Page 141 1- La fonction symbolique : pour qu’il y ait représentation, il doit y avoir symbole, une image mentale qui restitue l’absent et le rend présent, les symboles religieux opèrent de la même manière et attribuent une signification à tous les phénomènes qui échappent à la raison humaine.

2- La fonction d’adaptation au réel : la représentation « a une visée pratique » permettant à l’individu et au groupe de comprendre la réalité à travers son propre système de référence donc de s’y adapter (Abric, 1994, p.13). La religion cherche aussi à contrôler la réalité, à lui donner un sens, elle fournit tout un système de normes et de valeurs qui imprègne la vision du monde et organise les relations sociales incitant l’individu à s’adapter en fonction de son propre système de référence.

3- La fonction d’orientation : en signifiant le réel, la représentation oriente les actions et les pratiques sociales et facilite la communication et l’échange social de manière à ce que chacun agit en fonction de la représentation qu’il a de la situation ou de la personne envisagée. La religion crée aussi chez les individus des dispositions particulières, des habitudes (les pratiques religieuses notamment), des aptitudes, des habiletés, des attentes et des craintes qui déterminent les communications, les conduites et les rapports sociaux.

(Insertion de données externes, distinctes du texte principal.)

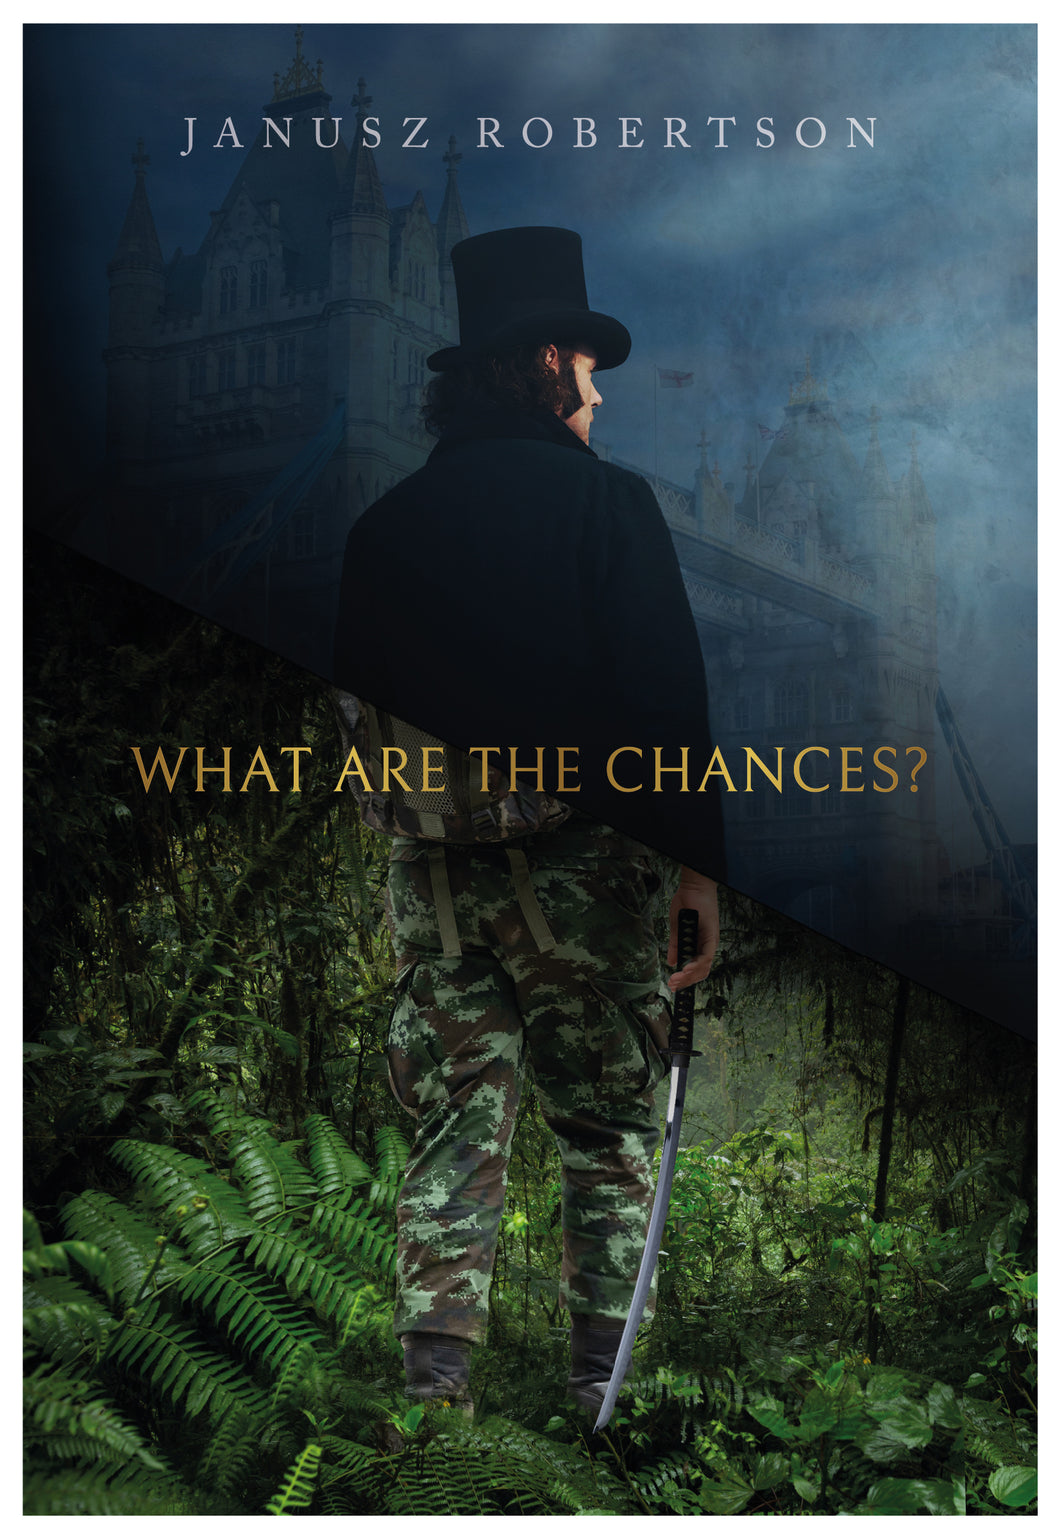 What Are The Chances? - Janusz Robertson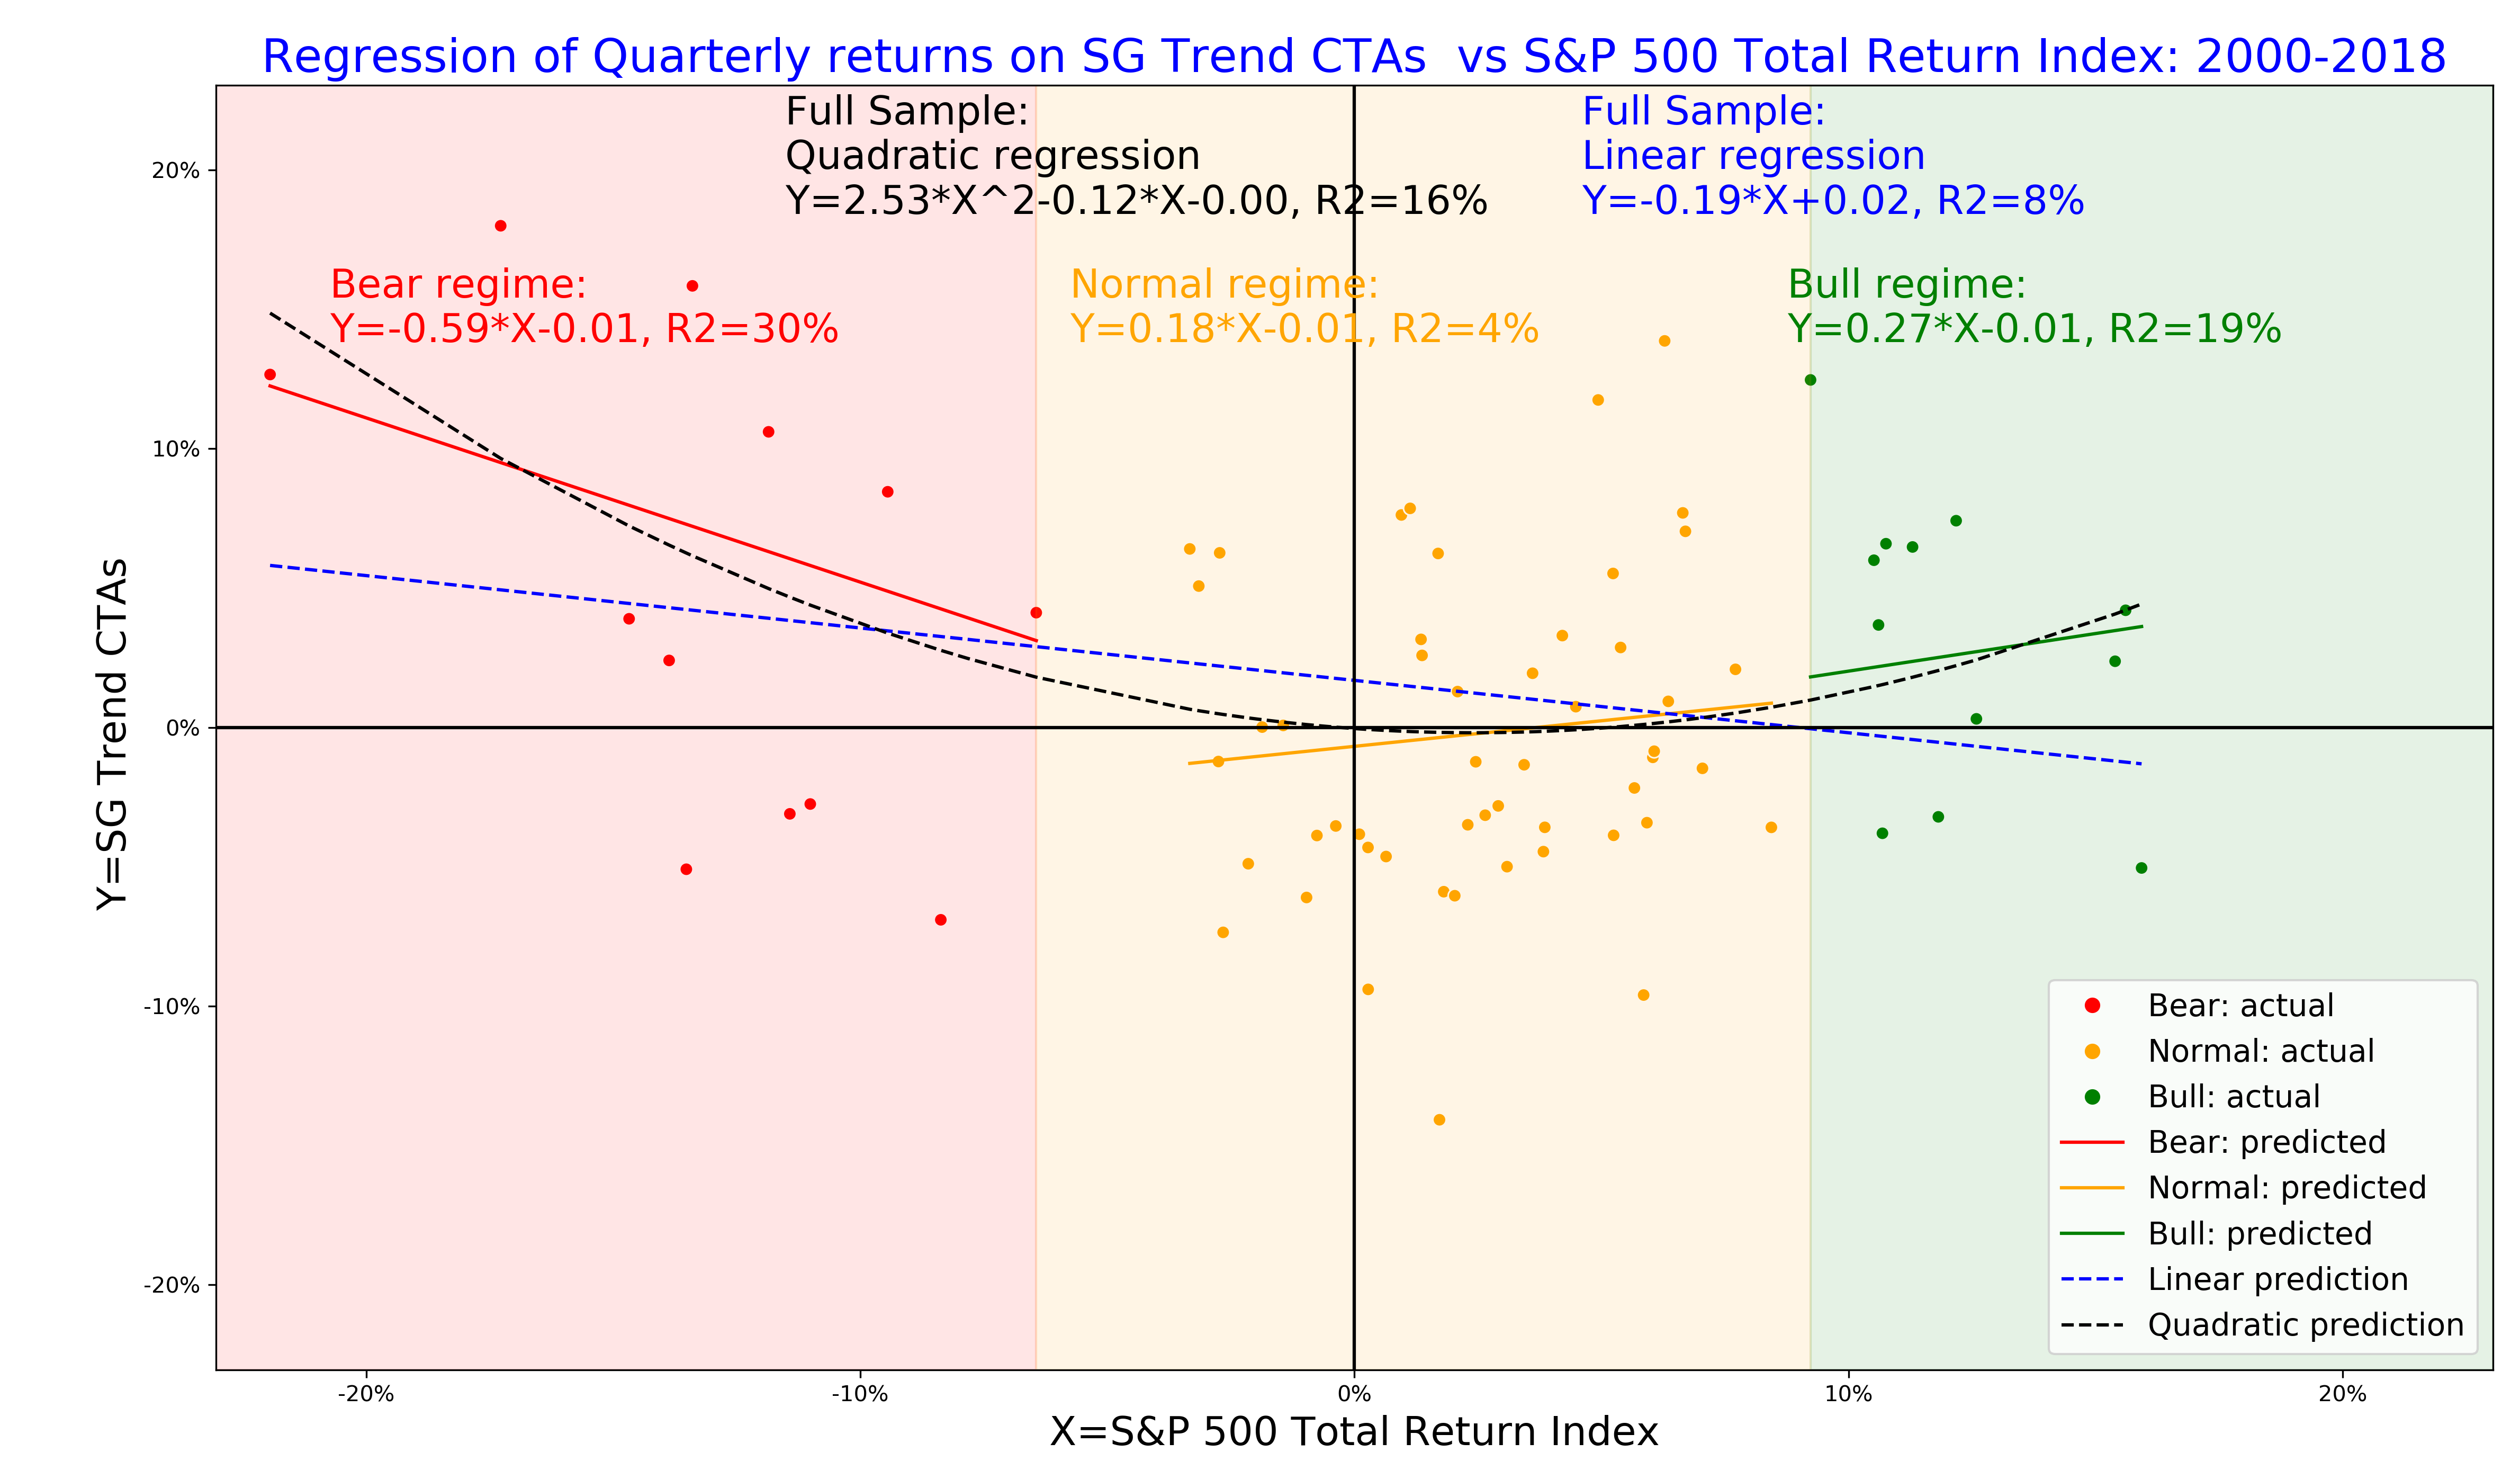 The linear, quadratic and regime-conditional regression models for quarterly returns of SG Trend index (NEIXCTAT Index) explained by returns of S&P 500 index, 2000-2018.

4- La fonction identitaire : Abric, Doise et maints autres chercheurs ont pu montrer que la construction d’un univers mental « de sens commun », de pensée sociale cohérente et collective augmente la cohésion du groupe et la similitude de ses membres les uns aux autres, ce qui contribue au maintien d’une identité sociale et personnelle gratifiante « compatible avec des systèmes de normes et de valeurs socialement et historiquement déterminés » (Mugny et Carugati, 1985, p.183, cité par Abric, 1994, p.16). Pour Geertz, ces systèmes de normes et de valeurs sont fournis par la religion qui en garantissant tout le système conventionnel, les règles de pensée, de langage et de conduite, elle maintient le sens commun spécifique à chaque groupe et sa continuité dans le temps.

3. Conclusion

Le choix de l’approche des représentations sociales pour étudier l’identité sociale du jeune musulman tunisien s’avère dans ce cas pertinent puisque cette approche permet de comprendre le rôle que joue le système religieux dans le contrôle exercé par la

Page 142 collectivité sur chacun de ses membres et le rôle que joue le système culturel dans le raffermissement ou l’affaiblissement de ce contrôle, en particulier par les processus de socialisation (Abric, 1994, p.16) ou d’enculturation et les processus d’acculturation. Cette compréhension permet de cerner ce qui est resté stable et central dans l’identité sociale du jeune musulman tunisien et ce qui est réinterprété et remodelé et portant diversité et changement.